The Hunter Alpha mystery and what it reveals about Xiaomi’s strategy

Hunter Alpha appeared on OpenRouter on 11 March without any developer attribution and quickly attracted attention from developers after topping several agent benchmarks. Speculation ranged from an unreleased DeepSeek V4 to a model from a previously unknown lab. Xiaomi confirmed on 19 March that Hunter Alpha was an early, anonymized deployment of MiMo-V2-Pro.

The tactic gave Xiaomi unfiltered developer feedback before the public launch, while the strong benchmark performance generated organic attention in AI communities. The approach is unusual for a hardware-first company entering the foundation model space.

Positioning against established models

MiMo-V2-Pro enters a competitive field where OpenAI’s GPT-5.4 currently holds the top benchmark positions and Anthropic’s Claude Opus 4.6 leads on several agent tasks. At $1/$3 per million tokens, MiMo-V2-Pro is priced below both, which may appeal to developers and enterprises running high-volume workloads.

For Chinese-language tasks and enterprise applications where data residency matters, MiMo-V2-Pro’s Chinese-language performance, ranking second among Chinese LLMs, gives it a clear differentiator over primarily English-optimized models.

Real-world use cases and availability

Xiaomi has positioned MiMo-V2-Pro primarily for software development and agentic workflows, where its long context window and high Terminal-Bench scores make it practical for automated code review, repository analysis and multi-step task automation. MiMo-V2-Omni targets use cases such as video content analysis, voice-driven interfaces and customer service applications that involve mixed media inputs.

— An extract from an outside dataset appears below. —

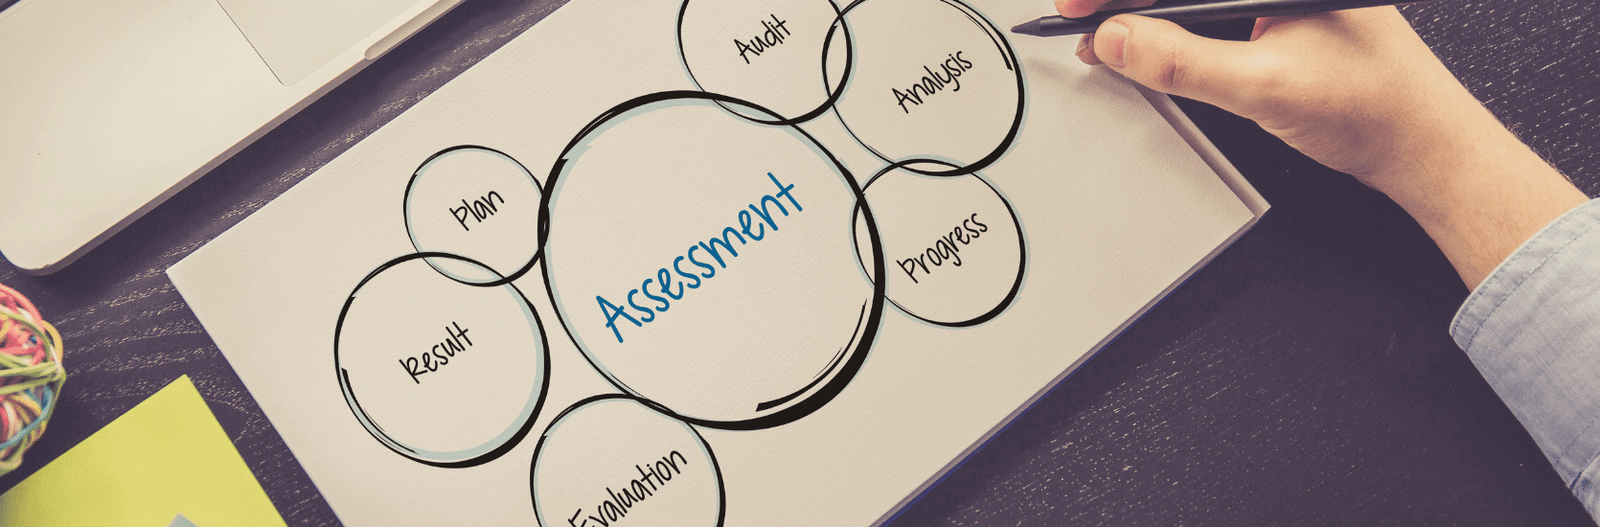 IT-Assessment-banner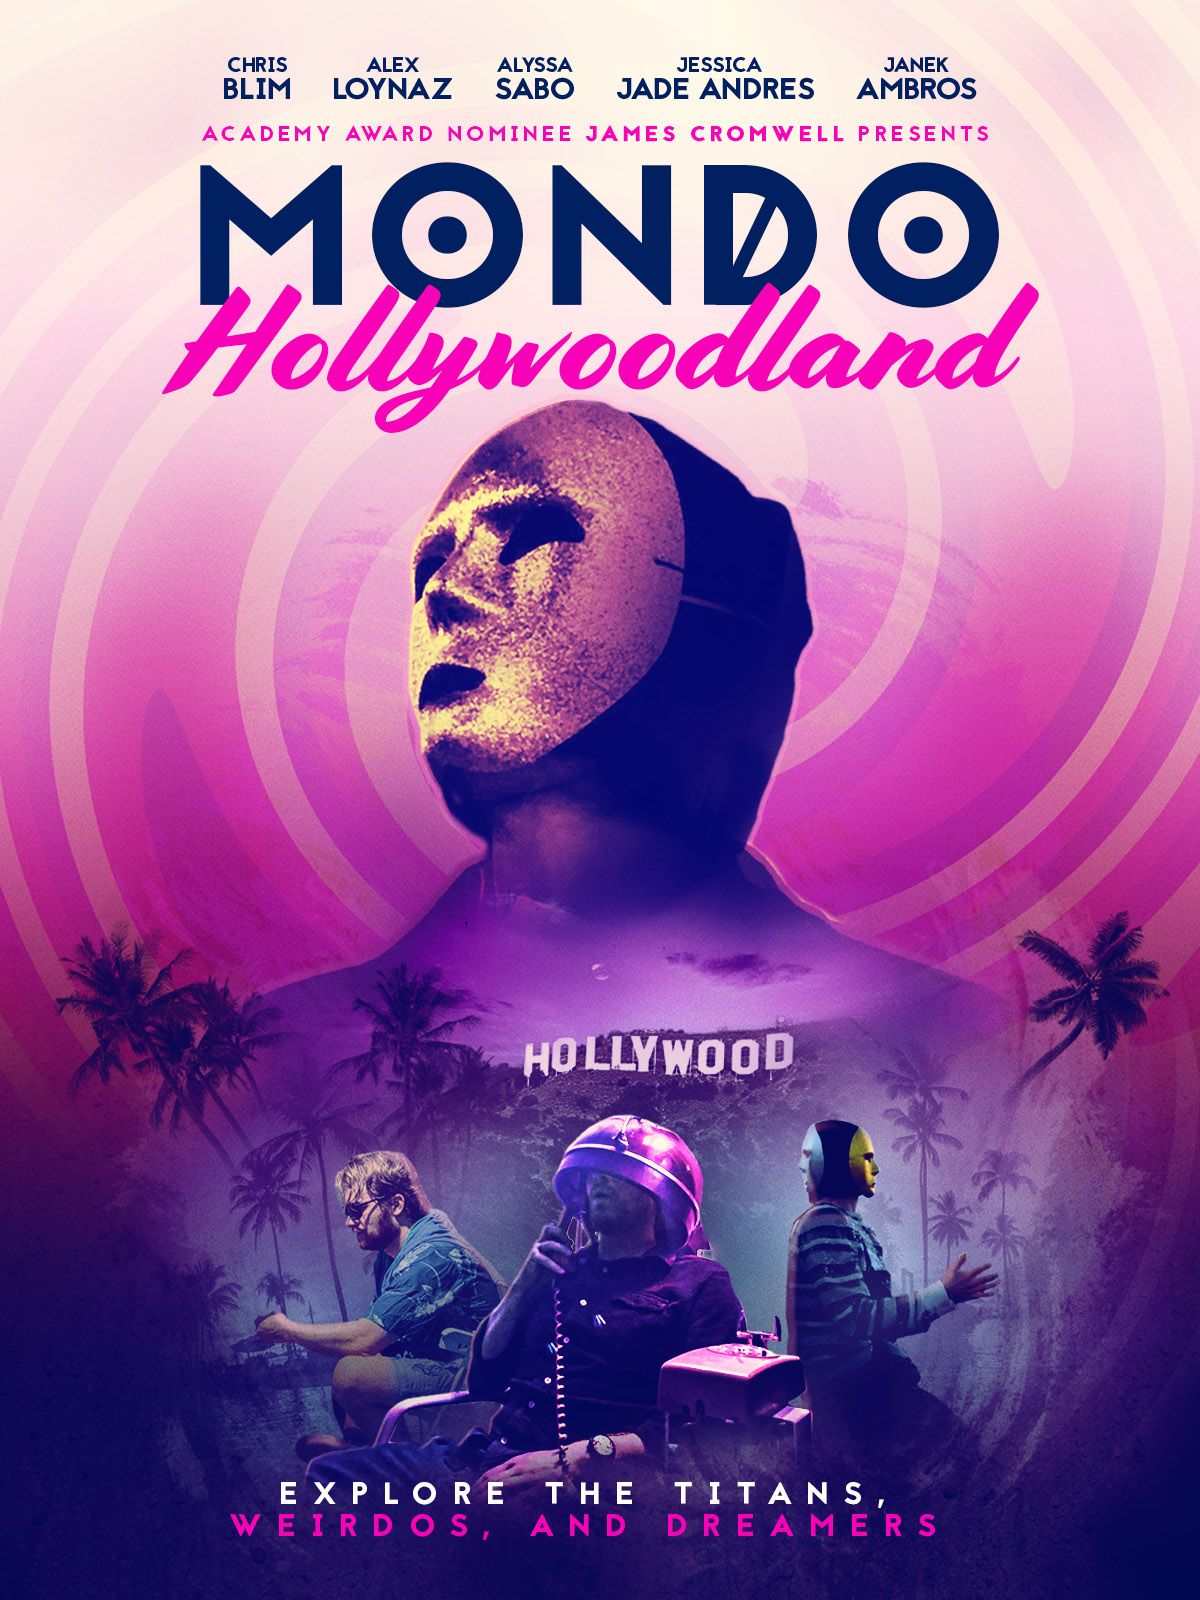 Mondo Hollywoodland keyart

MiMo-V2-TTS is aimed at consumer products, in-car AI assistants and content creation tools where nuanced voice output matters. All three models are available via API and through a web interface. Xiaomi has indicated that the models will also power features in its own hardware ecosystem, which spans smartphones, electric vehicles and smart home devices.

Full technical documentation and API access for all three models are available on Xiaomi’s MiMo model page.